Breakout traders: Breakout traders buy when a price makes a new high in the time period being tracked. Breakout traders favorite trade is usually a break out to a new high in price out of a long price base inside a trading range. Most chart pattern signals are simply breakout signals over previous trendlines. Break out traders generally buy high and sell higher.
Reversal traders: Reversal trading is entering a position during a trend change on a chart. Buying a reversal consists of waiting for a clear change in a current price direction where it appears to be now going in the opposition position from the previous high or low. Buying a dip in a down trend that appears to have put in a low for price and selling short after a chart rips higher in price but seems to have put in a high price is trading a reversal.
Momentum traders: Momentum traders buy charts that are going up in price and sell them after they seem to peak, they also sell short a stock that is falling fast and buy to cover when it seems to have made a low. They buy strength and sell weakness. Momentum traders use volatility for buying and selling short opportunities in brief up moves and down moves then exit as momentum fades. Their buy list is the strongest charts and their sell short list is the weakest charts.
Trend followers: Trend followers don’t predict future market direction. Trend followers use quantified trading systems with an edge to create big wins and small losses by being on the right side of a sustained long-term trend. They buy high and sell higher and also will sell short to buy back lower. They research quantified ways to stay long in bubbles and stay short in crashes by letting winners run and cutting losers short. They use reactive technical analysis not opinions, predictions, or fundamentals.
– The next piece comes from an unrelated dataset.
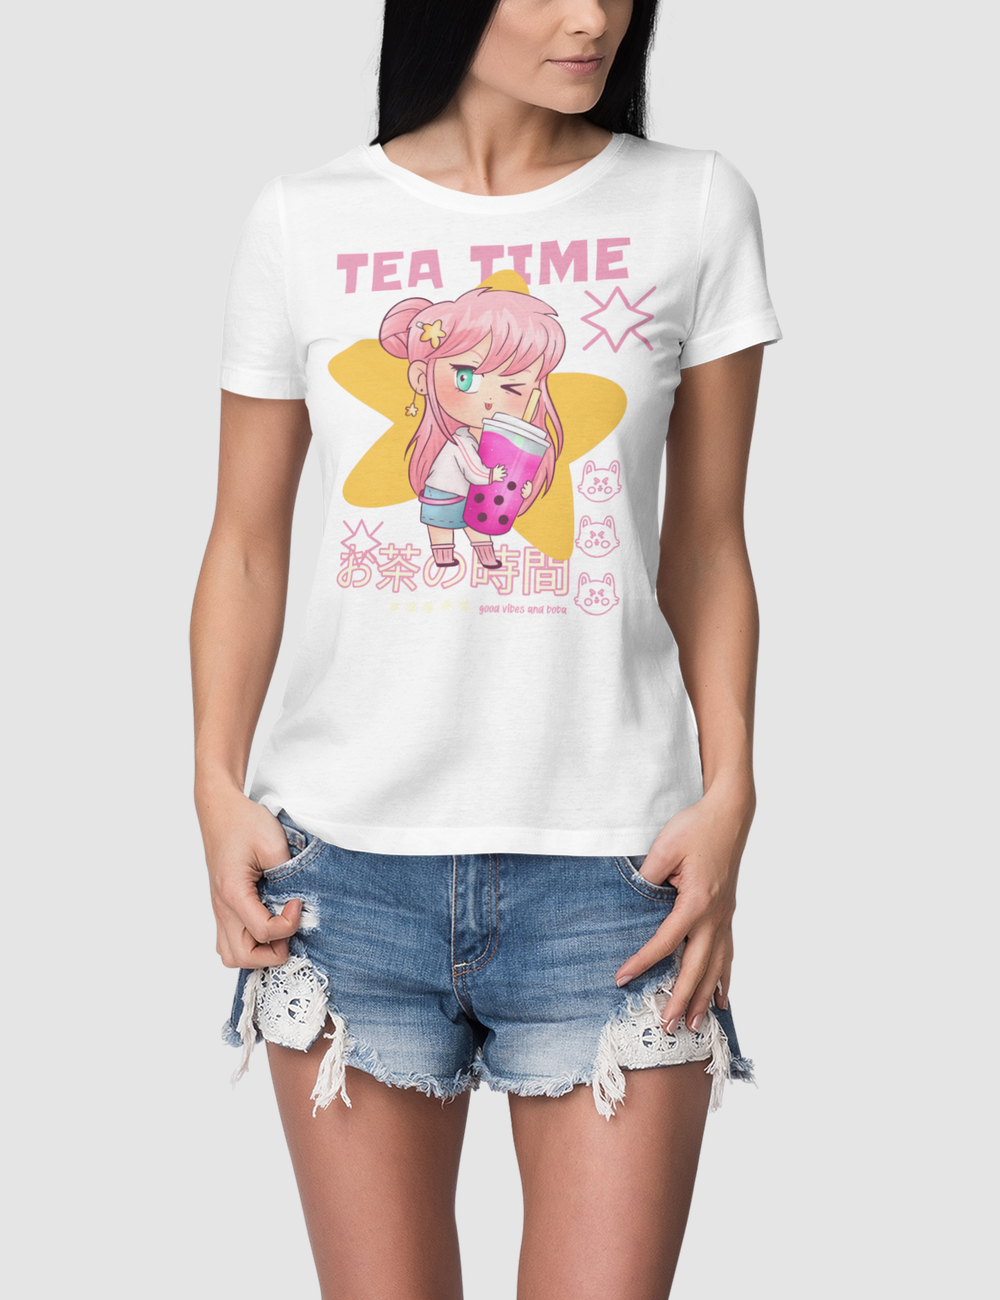 Boba Tea Time | Women's Fitted T-Shirt OniTakai

Trend traders: Trend traders attempt to trade in the direction of the current trend. In bull markets they look for long positions and in bear markets they look for short positions.
Options traders: Option traders express their trades in endless ways by using long and short call and put option contracts. They can buy or sell option premium, bet on market volatility, create hedges for their positions, and leverage their bets with defined risk. Option traders must be right about the time frame and magnitude of move to profit.
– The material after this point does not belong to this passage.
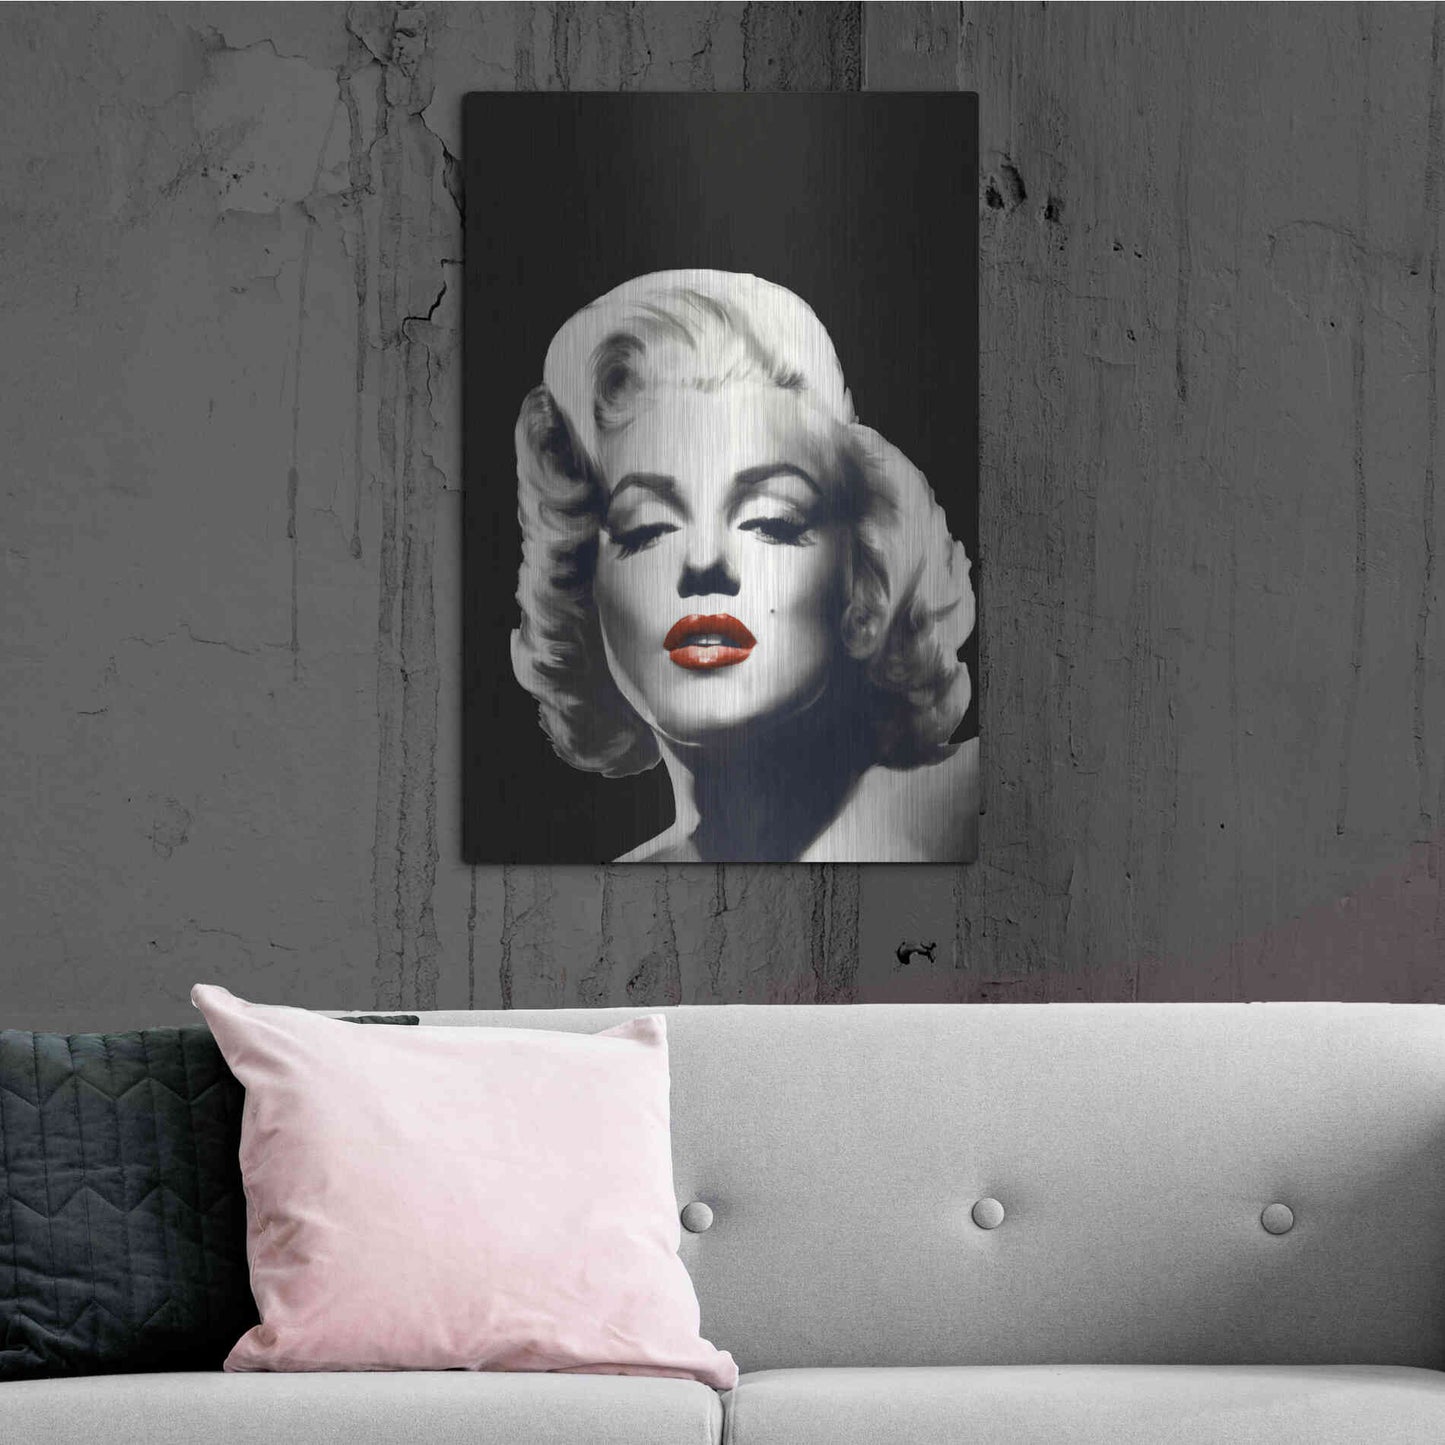 Luxe Metal Art 'Red Lips Marilyn In Black' by Chris Consani, Metal Wall Art,24x36

Futures traders: Futures traders have their own auction market where they can buy and sell futures contracts for delivery on a future date for commodities, stock indexes, and currencies (Some futures are also cash settled). Futures are derivatives contracts that lock in prices for delivery in the future and are used by speculators to profit from price action. Futures provide leverage and hedges for traders.
Algorithmic traders: Algorithmic traders use quantified rules based trading systems for executing entries, exits, and position sizing to create a profitable edge based on repeating patterns in markets and speed of execution.
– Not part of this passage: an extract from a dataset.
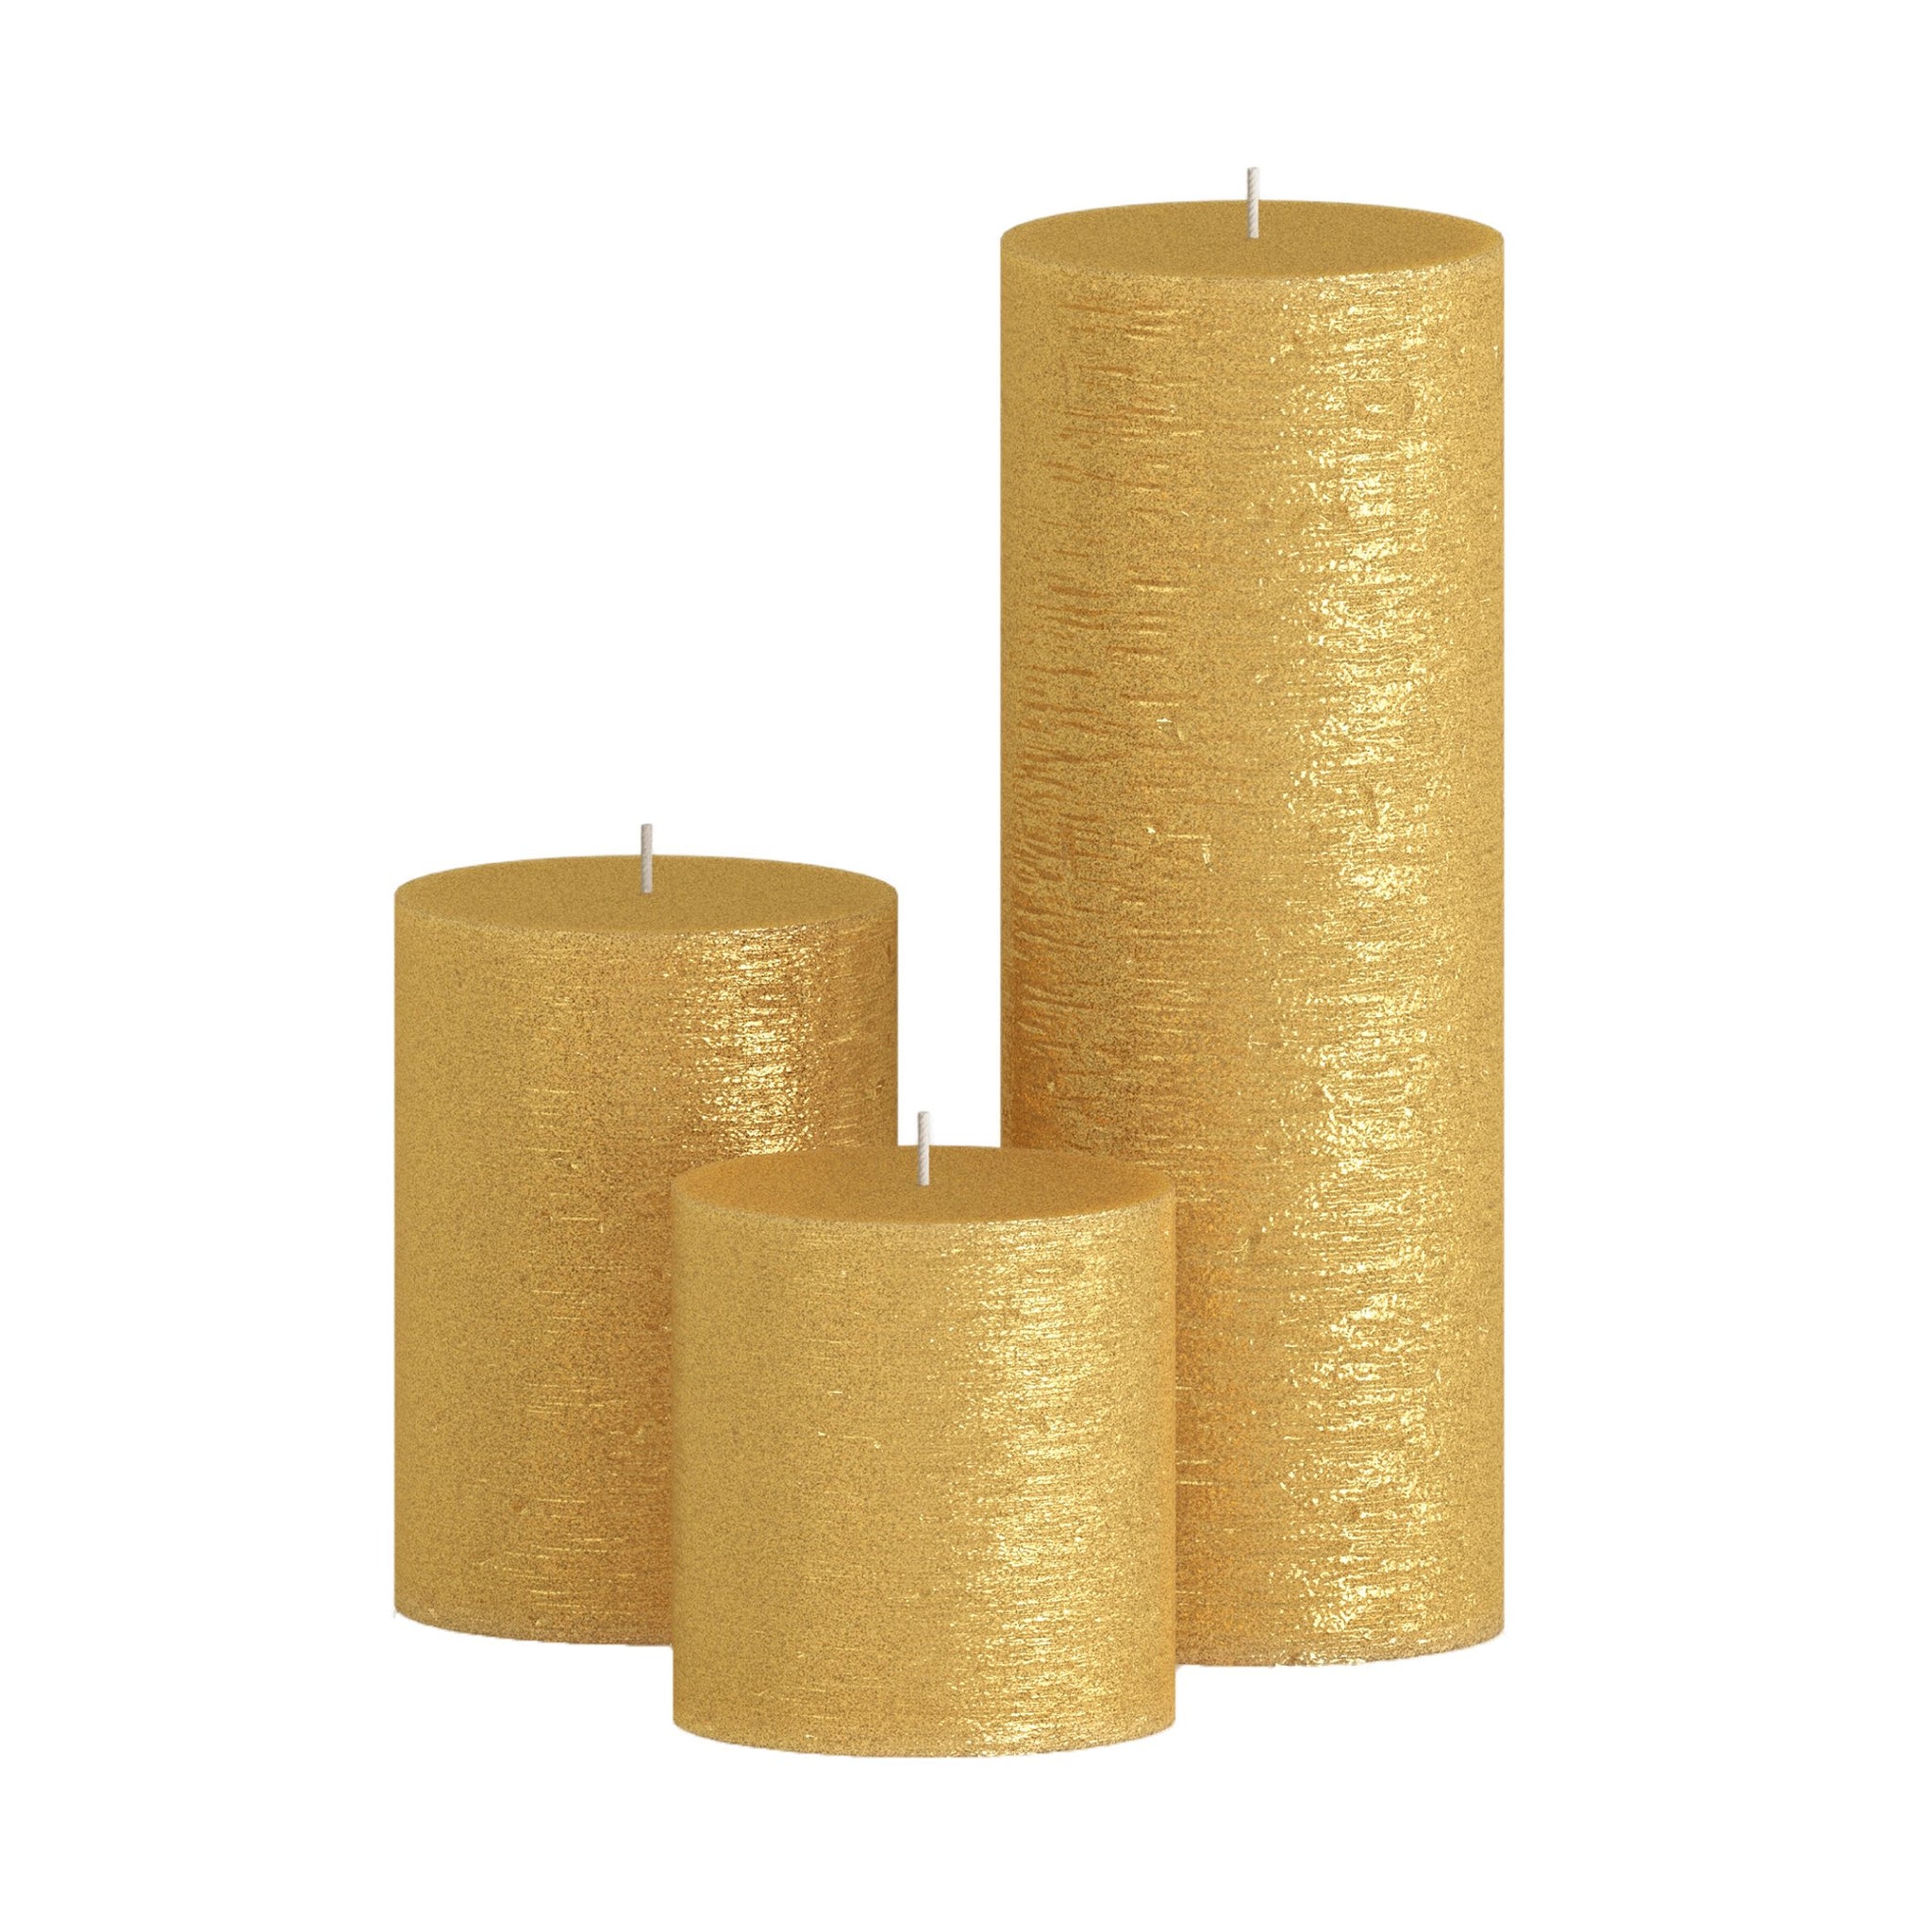 CANDWAX Gold Pillar Mix - 3 inch, 4 inch & 8 inch

Macro traders: Macro traders try to profit by trading based on the patterns in global economic data such as growth, unemployment, inflation, interest rate trends, trades and payment balances between nations, changes in world politics, government and central bank policies, financial relationships between nations, and large global financial systemic factors.
Forex traders: Forex traders buy and sell currencies in the global foreign exchange market. A forex trader sells one currency and buys another with each currency pair trade. They profit if the currency they bought moves up against the currency they sold. A currency pair is a price quote of the exchange rate for two different national currencies traded in the forex markets. When the order is entered for a currency pair, the first listed currency (base currency) is purchased while the second listed currency in the currency pair (quote currency) is sold.